— Да, я помню, что он светловолосый и шевелюра у него кудрявая, — сказала Мария Эмилия и мысленно добавила: «А еще нечесаная и грязная». — Однако мне непонятно, почему это вызывает у его сородичей неприязнь.
— Цыгане не хотят смешивать свою кровь с кровью других рас, и, поскольку светлый цвет волос для них не характерен, они полагают, что этот мальчик — дитя от смешанного брака, и поэтому не считают его «своим».
— Теперь я припоминаю, что он шел отдельно от остальных подростков, — сказала Мария Эмилия. Тот факт, что этот ребенок был отвергнут как раз самыми отверженными людьми этой страны, показался ей одновременно и трагическим, и забавным. — А что известно о его родителях? У него есть какие-нибудь родственники?

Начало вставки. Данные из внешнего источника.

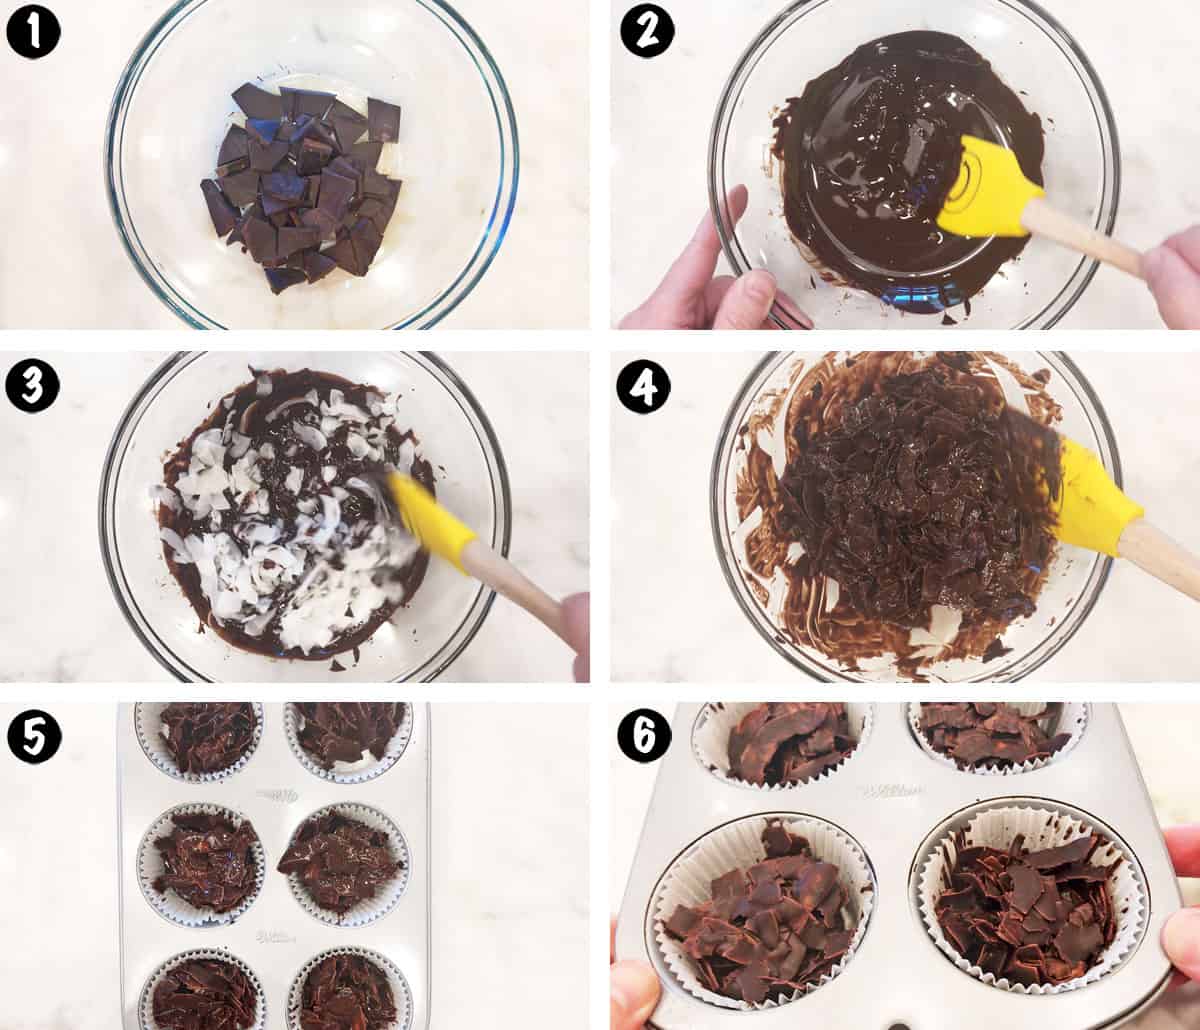 A six-photo collage showing the steps for making coconut clusters.

— Чтобы это выяснить, мне потребовалось еще больше времени, — ответила служанка. — А еще мне это стоило нервов, особенно когда он стал рассказывать о том, что с ними произошло. — Тяжко вздохнув, служанка продолжила: — Тридцатого июля прошлого года в их жилище в городке Вера пришел альгвасил с ордером на их арест. С ним было несколько солдат. Мальчик мне рассказал, что поначалу его отец попытался оспорить правомерность показанного ему ордера на арест, заявляя, что он, дескать, не цыган, а потому королевский указ об аресте цыган на него не распространяется, однако ему не удалось убедить альгвасила, и тот приказал солдатам схватить этого человека. Видя, что его протесты бесполезны, отец мальчика набросился на солдат, чтобы отвлечь их внимание от жены и сына, которым он быстро шепнул, чтобы они бежали к церкви и попытались в ней укрыться. Они так и сделали, и, хотя вслед за ними вскоре бросились трое солдат, они успели добежать до церкви, войти в нее и попросить защиты у приходского священника. Священник вначале и в самом деле взял их под свою защиту, однако менее чем через час передал их в руки военных, которые напомнили ему о том, что цыгане лишены права просить убежища у церкви. Забрав беглецов, солдаты заявили им, что потратили на них уж слишком много времени, и от злости набросились на мать мальчика и убили ее у него на глазах, прямо на ступеньках церкви. Чуть позже такая же участь постигла и его отца. Если бы в этот момент не появился коррехидор, то и сам мальчик мог погибнуть от рук солдат, которые, похоже, решили в тот день обагрить кровью свои сабли.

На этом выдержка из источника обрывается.